I wanted to choose weights that I could do, but that also would be pretty challenging - I figured I would rather push myself and fail (as these workout don't really matter too much), than to go too light. So, I decided to go with 135 on the close-grip bench, and to use the 25 lb Dumbbells for the curls.
That's about where I close grip. Maybe a little bit wider
I managed to make it through the curls, although it was pretty hard. This is a pretty awesome improvement however, considering where I started: on the first post I wrote about curls on this blog, I did 10, 9, and 7 reps with the 25's. So, doing 5 sets of 10, super-setted with another movement, is pretty cool. The close grip was the real pleasant surprise, however: this was the heaviest 5 x 10 I have ever done for bench (with any grip, never mind close grip), And I even managed to squeeze out 12 reps on the final set.
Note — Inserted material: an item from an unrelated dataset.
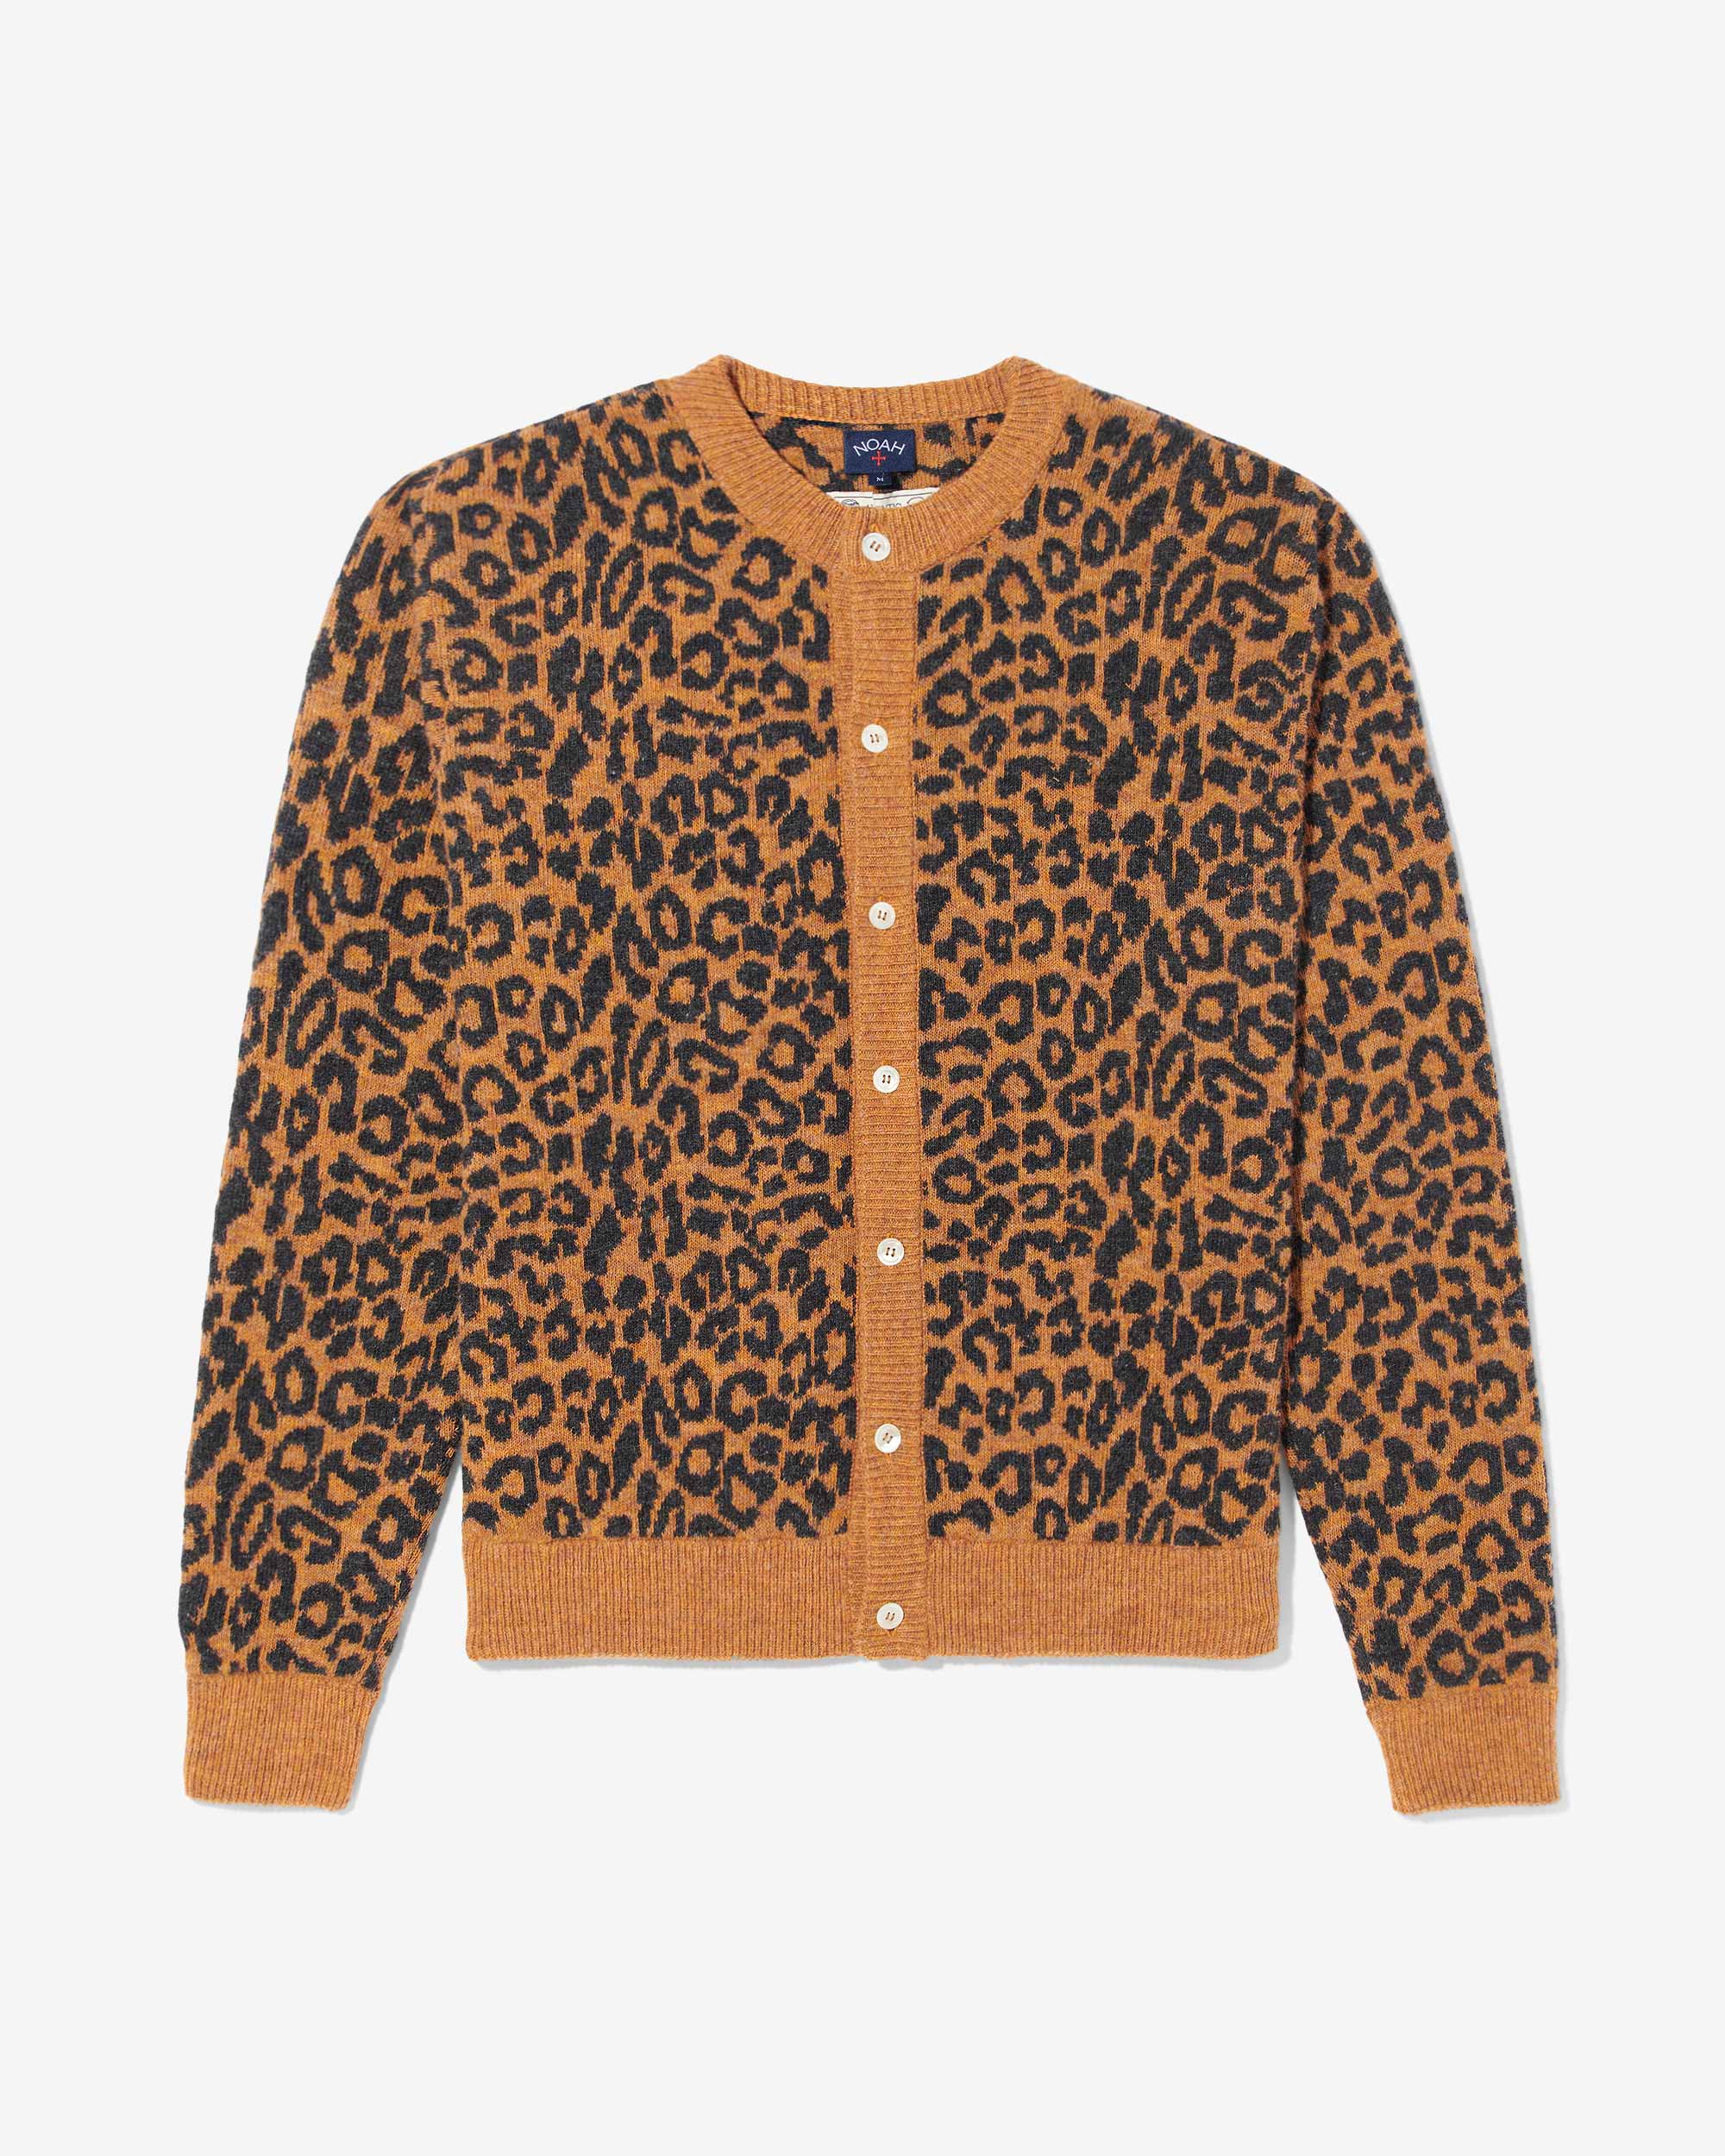 Leopard Cardigan Sweater - Noah

I think this shows a huge improvement in my tricep strength, and in my bench press strength in general, and I'm pretty excited I was able to make it through this workout pretty easily, when I wasn't even sure i would be able to do it at all at first.
Even though arm days are a little bit stupid, and I still count them as being relatively unimportant in comparison to my real workouts, I think that they are really helping me to get stronger in my upper body, and I plan to keep doing them whenever I can on Wednesdays. It was a very worthwhile experiment.
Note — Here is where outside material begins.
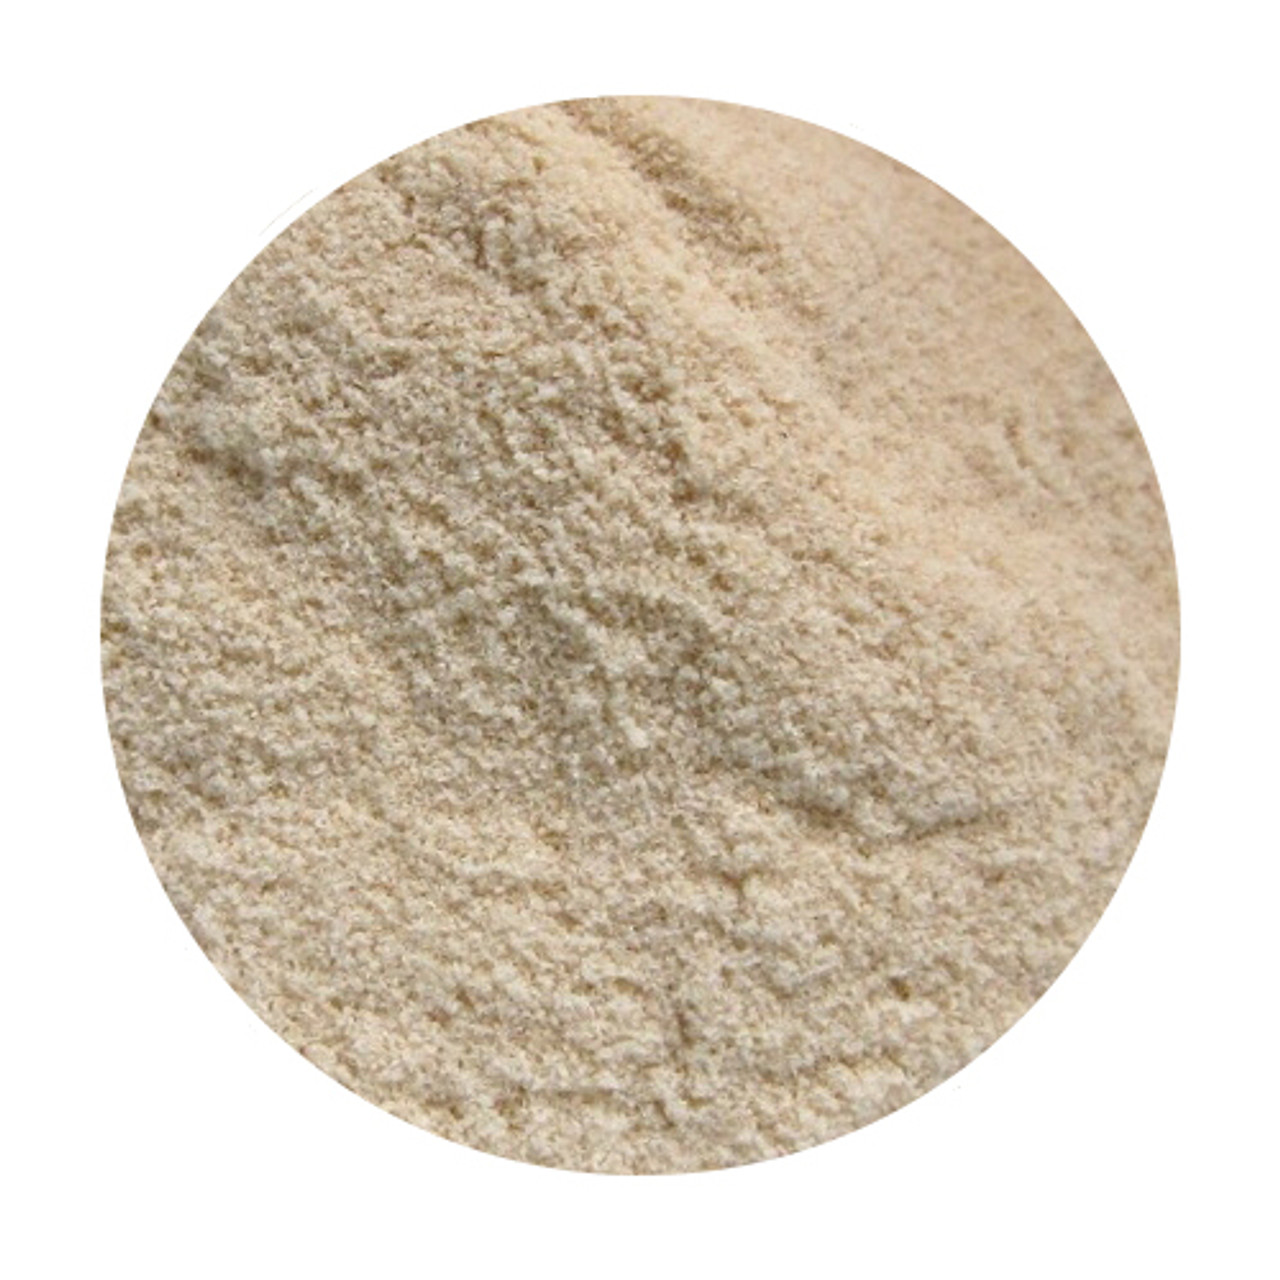 Sodium Alginate Powder Suppliers 19161690 - Wholesale

Hodge twins are right when they say you got to find what works for YOU. I may think "arm day" is pretty stupid, but it's certainly helping get me stronger.
On a slightly different note, after my 24 hour cheat last weekend, I have already noticed a drop in body fat %. Before the meet, I would have estimated my body fat at about 14.5%. However, looking at myself yesterday morning and today, I would honestly say I've dropped down to between 13 and 14%. I'm right on the edge of my abs being visible WITHOUT me having to flex them like a motherfucker, and when I do flex, you can see my upper abs pretty clearly - but relaxed, my manbelly still hides them for the most part. If I can drop down another 2%, and get between 11 and 12, I should be able to start to see them without flexing, although I'll still have to get down to around 8 in order to be at the level I want as far as leanness goes. SO, it seems pretty clear that the cheat meals work really well for me in terms of kickstarting my metabolism for fat loss. I'm going to stick with my current diet for the rest of this three week cycle, and pay attention to see if I notice a fat-loss plateau again in the second half of these weeks. If not: great, but if I do plateau like I did last cycle, then I think I'll have to change my diet to include more cheats: I'll have to be stricter overall in my diet throughout the week, but then have a 24 hour cheat every weekend to ramp up my metabolism. I'm thinking that, if I decide to change, I'll probably eat 3 big keto meals a day, with 3 protein shakes in between the meals to make sure I'm getting enough protein, then cheat friday night through saturday evening. BUT, thats just one idea, none of this is decided yet. I'll have to see how the rest of this cycle goes before I change anything.
Low ass body fat, I'm coming for you
Coming up tomorrow, lots of cool shit! Speed work, heavy single squat, and some slight changes to my thursday assistance work. Get strong bitches.